For example, the social networking system may also include media
sharing capabilities. For example, the social networking system may
allow users to post photographs and other multimedia files to a
user's profile, such as in a wall post or in a photo album, both of
which may be accessible to other users of the social networking
system. A member of the social network may install a
multimedia-sharing application on his or her mobile phone equipped
with an on-board camera or sound recorder, and may manually upload
photos, audio, and video taken with the mobile phone camera and
saved locally on the camera to the social networking site over a
wireless data connection.
[0018] FIG. 1 illustrates an example social networking system. In
particular embodiments, the social networking system may store user
profile data and social graph information in user profile database
101. In particular embodiments, photos uploaded by users are stored
in photos/media database 105. In particular embodiments, the social
networking system may store user event data in event database 102.
For example, a user may register a new event by accessing a client
application to define an event name, a time and a location, and
cause the newly created event to be stored in event database 102.
In particular embodiments, the social networking system may store
user privacy policy data in privacy policy database 103. In
particular embodiments, the social networking system may store
geographic and location data in location database 104. In
particular embodiments, the social networking system may store
advertisement data in advertisement database 105. For example, an
advertiser may store advertisement content (e.g., messages, graphic
arts, video clips) and related information (e.g., locations,
targeting criteria) in advertisement database 105. In particular
embodiments, databases 101, 102, 103, 104, and 105 may be operably
connected to the social networking system's front end. In
particular embodiments, the front end 120 may interact with client
device 122 through network cloud 121. Client device 122 is
generally a computer or computing device including functionality
for communicating (e.g., remotely) over a computer network. Client
device 122 may be a desktop computer, laptop computer, personal
digital assistant (PDA), in- or out-of-car navigation system, smart
phone or other cellular or mobile phone, or mobile gaming device,
among other suitable computing devices. Client device 122 may
execute one or more client applications, such as a web browser
(e.g., Microsoft Windows Internet Explorer, Mozilla Firefox, Apple
Safari, Google Chrome, and Opera, etc.) or special-purpose client
application (e.g., Facebook for iPhone, etc.), to access and view
content over a computer network. Front end 120 may include web or
HTTP server functionality, as well as other functionality, to allow
users to access the social networking system. Network cloud 121
generally represents a network or collection of networks (such as
the Internet or a corporate intranet, or a combination of both)

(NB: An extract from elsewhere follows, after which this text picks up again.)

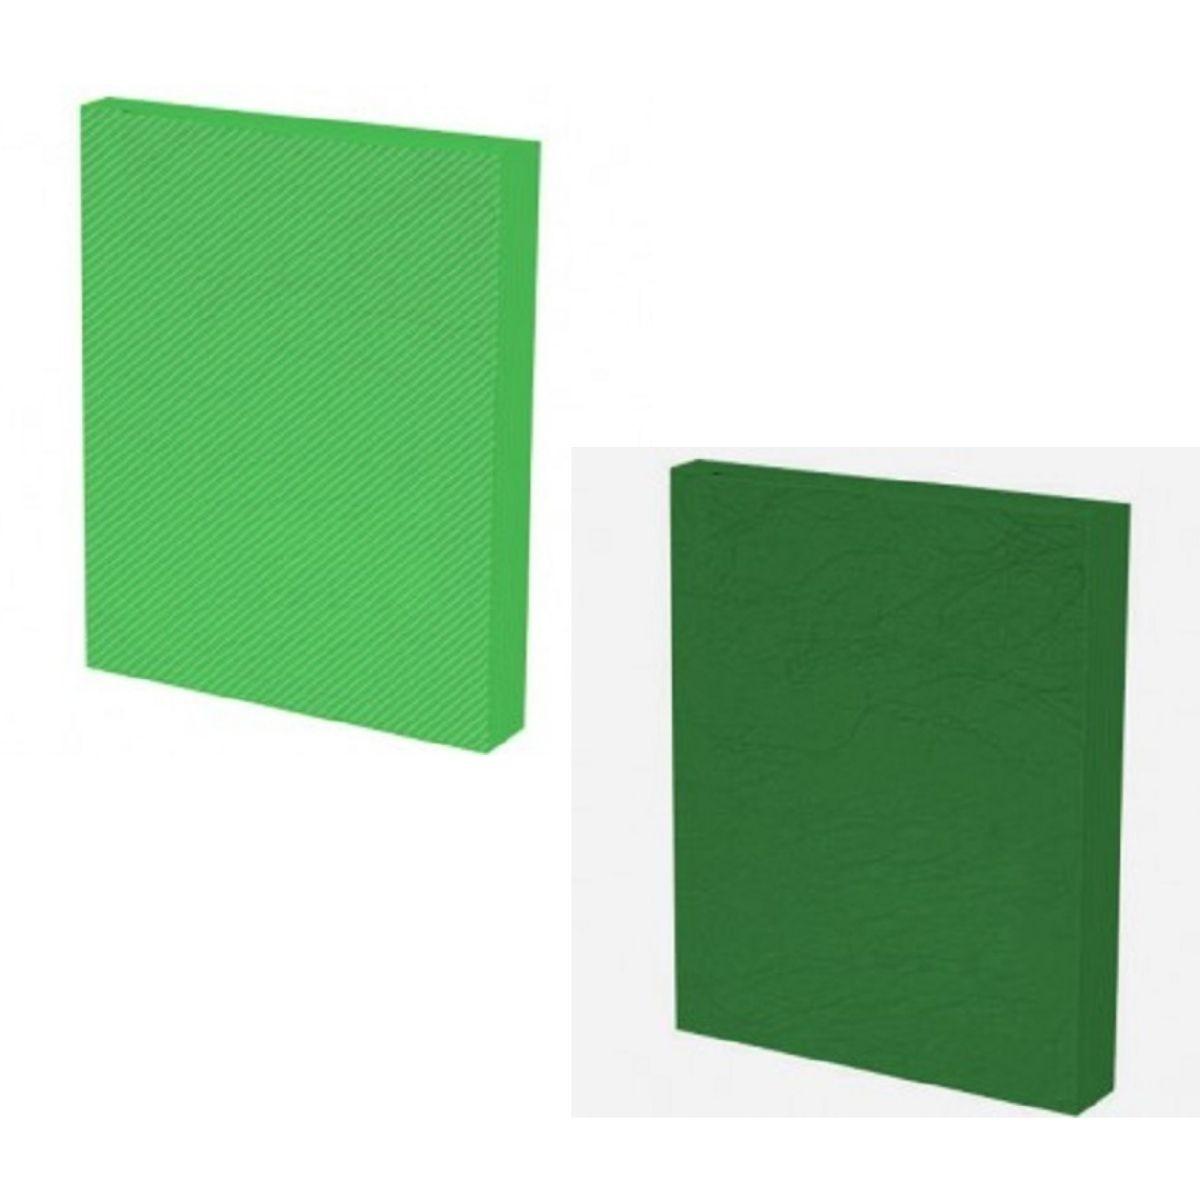 Kit 200 Capas para Encadernação A4 Verde  - Click Suprimentos

over which client devices 122 may access the social network
system.
[0019] FIG. 2 illustrates an example client device 122 that
includes multiple wireless data connection modes, as well as an
on-board camera. For didactic purposes, client device 122 is
depicted in FIG. 2 as a mobile phone in the camera shooting mode.
Client device 122 includes a series of controls 201 for accessing
various phone functions and applications. Display 206 may include a
series of icons in camera shooting mode, including flash control
202, zoom control 203, shutter button 204, and sharing icon 205. In
particular embodiments, these controls may be mapped to physical
hardware buttons 201. In particular embodiments, as shown, controls
202-205 are displayed as part of touch screen display 206. Sharing
icon 205 will be discussed in greater detail below. In particular
embodiments, display 206 may include a rendered status bar 207. In
particular embodiments, status bar 207 may include icons indicating
vital phone states to the user, such as signal strength indicator
207, connection type 208, battery life 210, ringer mode 211, and
current time 212. Connection type 208 may indicate the type of
wireless connection available or utilized by the mobile phone. For
example, where a data network is not available, connection type 208
may indicate a "voice-only" mode. As an example not by way of
limitation, connection type 208 may indicate second generation (2G)
data networks such as EDGE or GPRS, third-generation (3G) data
networks such as CDMA2000, EV-DO, HSPA, EGRPS, and GSM UMTS,
fourth-generation (4G) data networks such as CDMA LTE and UMB, and
other high-speed networks such as WiFi (IEEE 702.11) and WiMAX
(IEEE 702.16). This disclosure contemplates any suitable wireless
data connection operating at any data rate.
[0020] Client device 122, although depicted as a mobile phone in
FIG. 2, may be any device that has both wireless data connectivity
and access to multimedia files. For example, client device may be a
laptop computer or tablet PC with a wireless data modem accessing a
collection of multimedia files from local storage such as a hard
disk, SD/MMC/CF/XD removable solid state storage, or the like. The
storage need not be local to client device 122. In particular
embodiments, client device 122 may access multimedia files from
remote storage, such as a network attached storage device, or an
online multimedia storage website, such as (Yahoo! Flickr or Google
Picasa). In particular embodiments, client device 122 need not have
a direct connection to wireless data networks. For example, client
device 122 may be connected to a wireless data network through
Bluetooth tethering. This disclosure contemplates any type of
wireless data connection accessible by client device 122. For the
purposes of this disclosure, "multimedia" encompasses a broad range
of file types, including without limitation, digital still
photographs, digital video files, digital audio files, animated
photo files, flash animations, and the like. Although the foregoing
exemplary methods discloses photo sharing, this disclosure
contemplates any manner of multimedia, and the term "photos" can be
substituted for any type of multimedia object.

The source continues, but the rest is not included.